Monday, December 3, 2012

And FINALLY, a period.

I finally finish reading The Autumn of the Patriarch by Gabriel Garcia Marquez. I feel like I have run a marathon up the highest mountain; endured sleeting rain in freezing cold temperatures wrapped in nothing but a measly scarf;  lived on twigs, gruel, and piss for nine months and survived it all. I want some medal.

The Autumn of the Patriarch is Gabo's third masterpiece...if you are counting Leaf Storm as one, which I am, and One Hundred Years of Solitude as two, which everyone else is (I have't read it yet).

It is an awesome and prodigious work. I see four layers in the story.

1. At its most basic, the story is a psychedelic oozing of mixed consciousness', a seething mass of point of view violations.

2. Next, it is like the most brain-bursting collection of metaphors, images, phrasing, words, and writing that I have ever attempted to digest. Often it left me staring at the ceiling, or out the window, or just plain dazed.

3. Then, there is the detailed riveting stomach-churning rubber-necking timeless classic essential portrait of the dictator. When I finish reading, I think...Gabo has captured the inner workings of every single dictator who as ever lived, still lives, is in diapers, and is yet to be born.

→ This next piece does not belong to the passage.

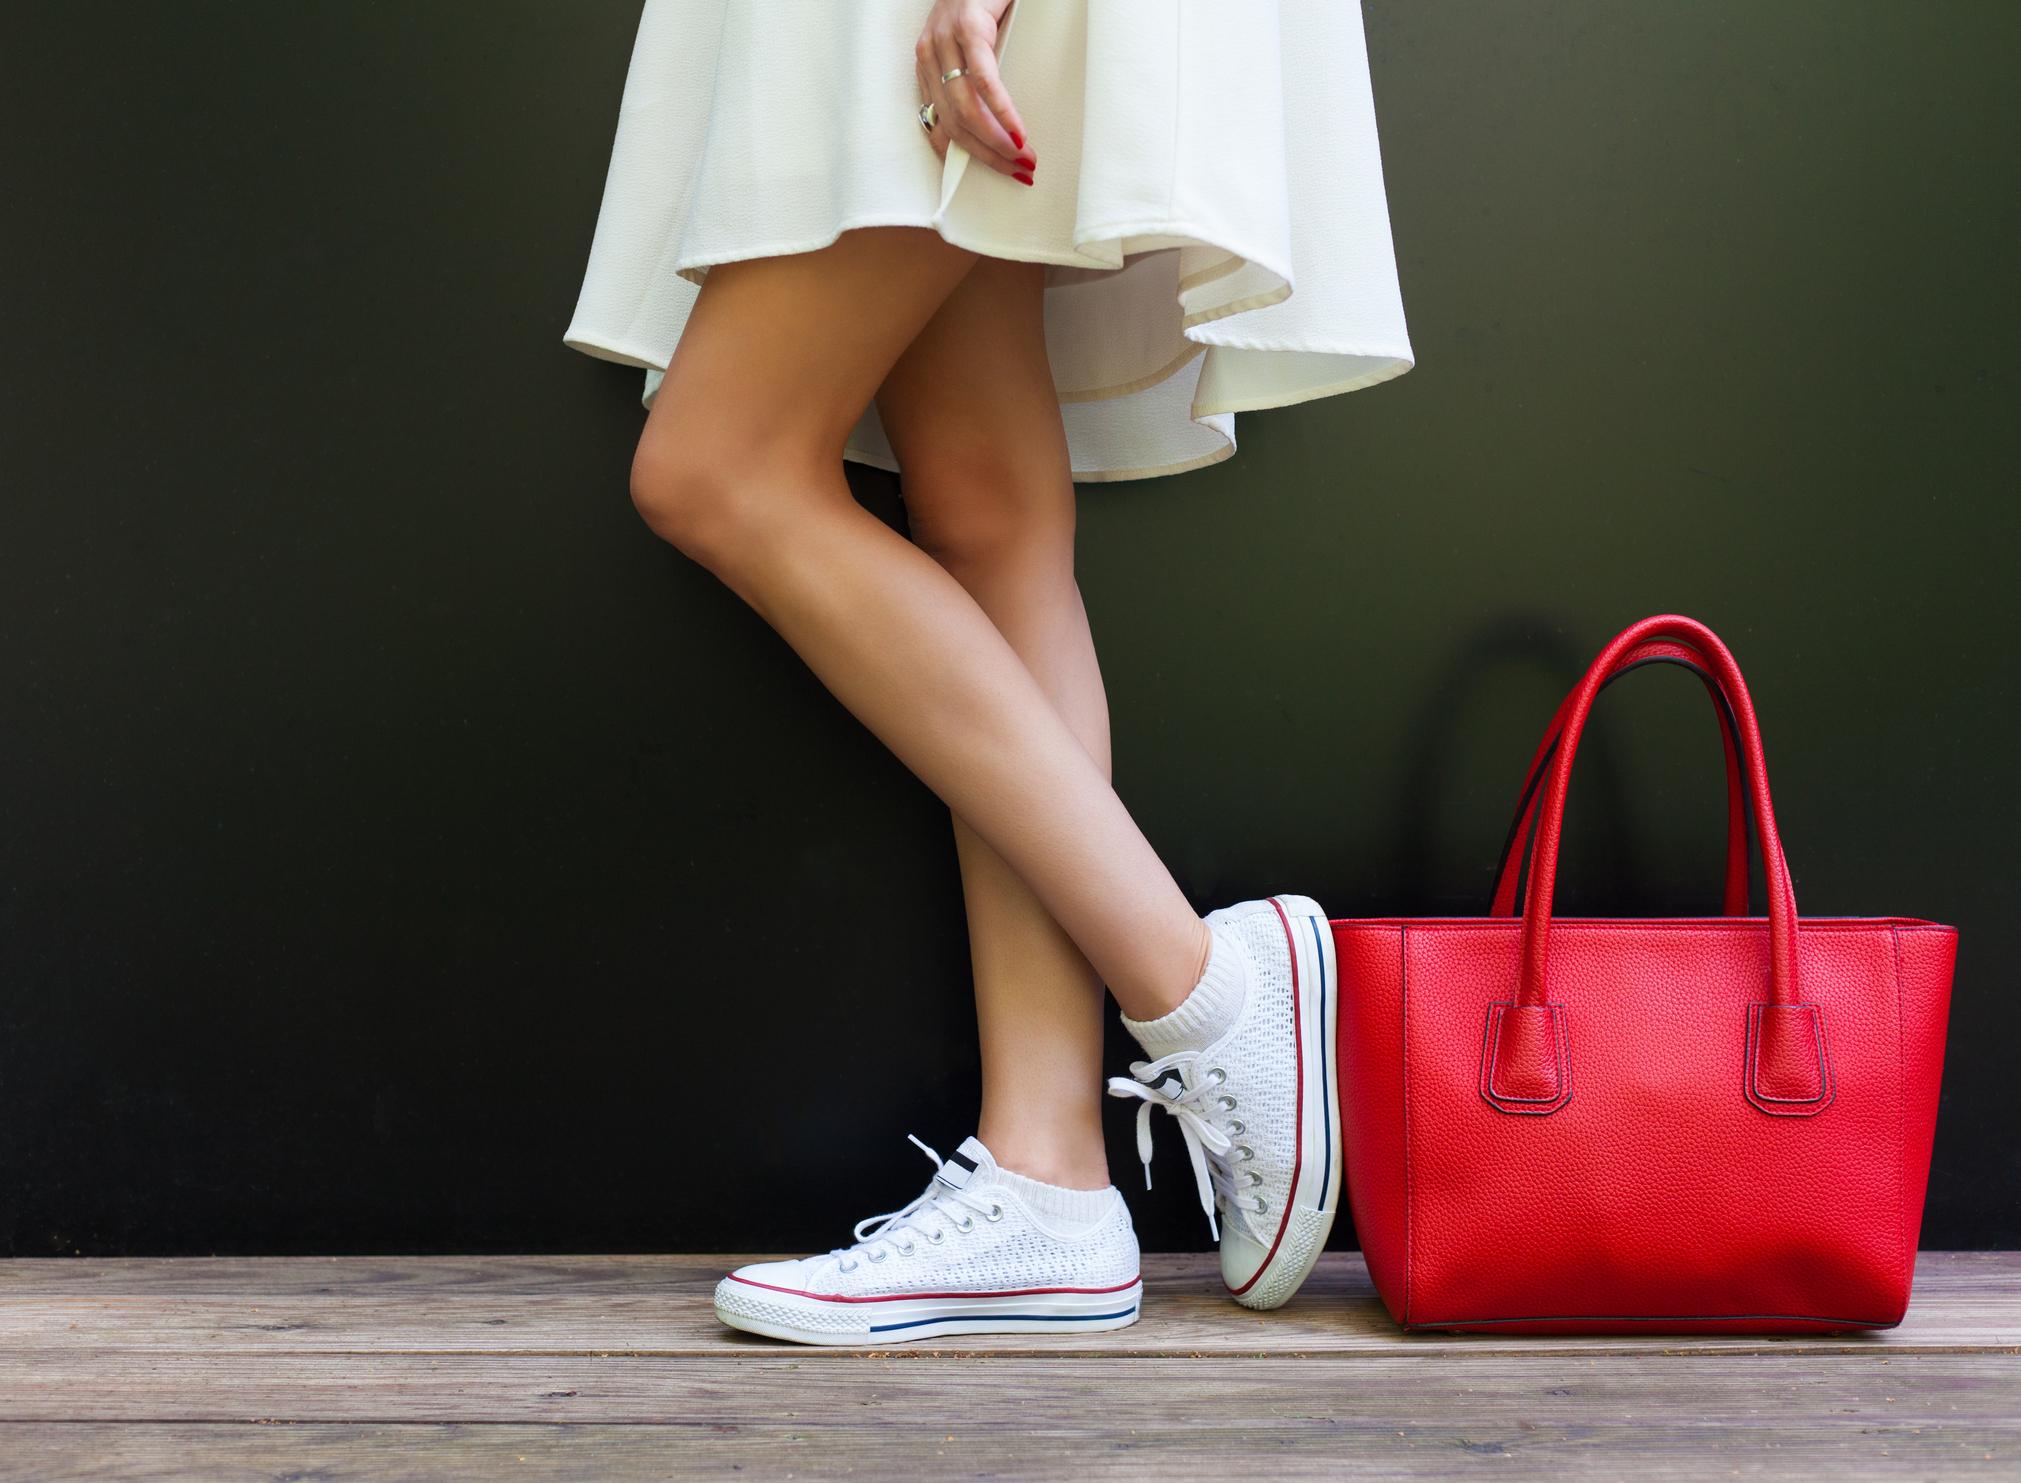 a1243dd4b0a8 Πώς να καθαρίσεις τα λευκά sneakers σου εύκολα και γρήγορα

4. And the hard reading of the sentences that go on forever, and there is no respite, and you think just the onslaught of all the words is going to make you go crazy which makes the structure of the novel as inaccessible and inscrutable as the psyche of the subject itself.


I am left with memories of that patriarch wearing the denim uniform without insignia and the gold spur on the left heel, who is always dragging his feet through the government house full of chickens and cows to the latrines where he and no one else writes on the the toilets long live the general, long live the stud who after selling a sea, sought in native science the only thing that really interested him which was to discover some masterful hair-restorer for his incipient baldness whose life had been seen in the  premonitory waters of basins by his mother of mine Bendicion Alvarado of my hearthe was as deaf as a post not only because I would ask him about one thing and he would answer about another but also that it grieved him that the birds were not singing when in fact it was difficult to breathe with that uproar of birds which was like walking through the jungle at dawn and they created newspapers and tv shows for him just the way that he liked them and every night he slept in his office behind three bolts, three locks, and three bars which is where they finally found him stretched out on the floor, face down, his right arm bent under his head as a pillow where he had realized at the moment of his death his incapacity for love in the enigma of the palm of his mute hands and in the invisible code of the cards and he had tried to compensate for that infamous fate with the burning cultivation of the solitary vice of power.

And FINALLY, a period. That is kind of how you start to feel, and by the end of the book, you are gasping, yearning, craving, needing, dying for that little dot.

Brilliant. But not light. Very heavy.

I am going to indulge in something  extra-super-duper-extremely lite and fluffy for my next read.

Thank you Gabo, wherever you are, for giving up the law. You and Gaugin.